Figure 2 shows the plots of F1-score with respect to time spent sleeping for each user based on whether they are poor or healthy sleepers. Red markers denote F1-scores of sleep and green markers denote F1-scores of wakefulness for each user. We obtained the Spearman’s correlation coefficient for the time spent sleeping and F1-scores for healthy and poor sleepers. For healthy sleepers, it was observed that wakefulness F1-scores and time spent sleeping were negatively correlated due to fewer wake samples causing poor wakefulness classification. For poor sleepers, time spent sleeping was positively correlated with sleep F1-scores and negatively correlated with wakefulness F1-scores.

Nonwear classification

The chosen hyperparameters for the trained random forests models for Nonwear classification for each of the five cross-validation folds are given as (trees, max-depth) tuple—(500,15), (100,15), (200,15), (300,20), (500,15). The nonwear classification performance metrics across the five outer folds are averaged and reported in Table 2 along with test set performance. It can be seen that nonwear classification using random forests performs quite well on both the outer cross-validation data and previously unseen test set.

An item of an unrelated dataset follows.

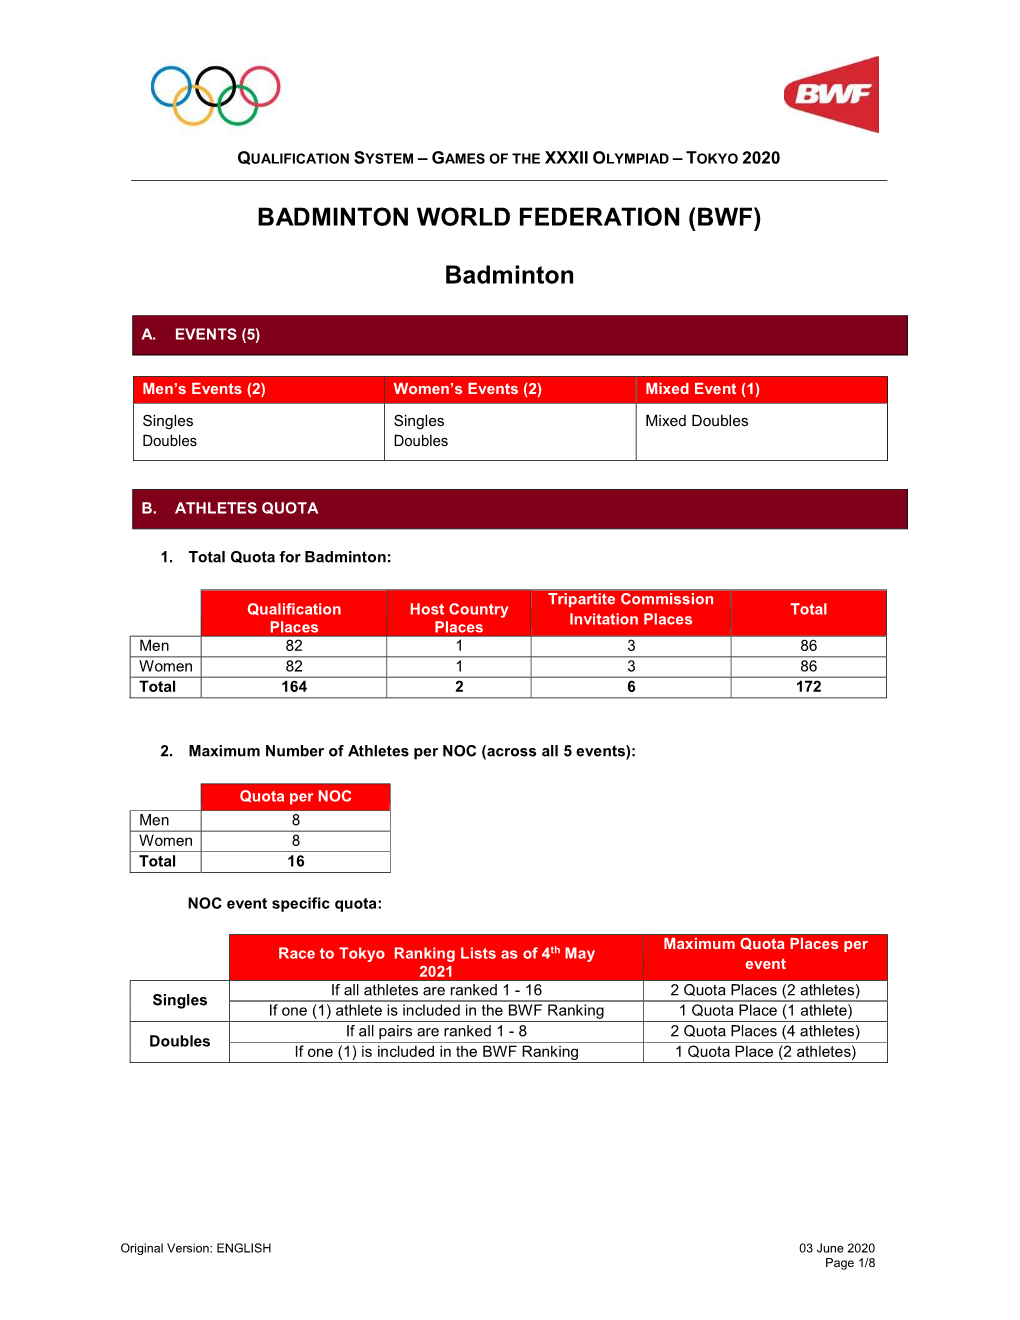 BADMINTON WORLD FEDERATION (BWF) Badminton

The confusion matrices of nonwear classification are shown in Fig. 1 for the test set. The numbers in the matrices indicate the percentage of samples from the true class that was classified as the predicted class. It can be seen that Wear periods are predicted reliably whereas Nonwear periods tend to be confused with Wear periods by 11%.

The important features for nonwear classification averaged across all folds with random forests are shown in Supplementary Information Figure 7. It can be observed that statistical measures for LIDS and Z-angle are the most important features for nonwear classification.

Sleep stage classification

Various classes in sleep classification can be organized into a hierarchy of classes as described in METHODS. Classifying accelerometer samples according to this hierarchy might help understand the discriminative properties (if any) of data to perform nonwear detection, sleep-wake, and sleep stage classification. Hence, we perform hierarchical classification of samples using the 36 engineered features and random forests.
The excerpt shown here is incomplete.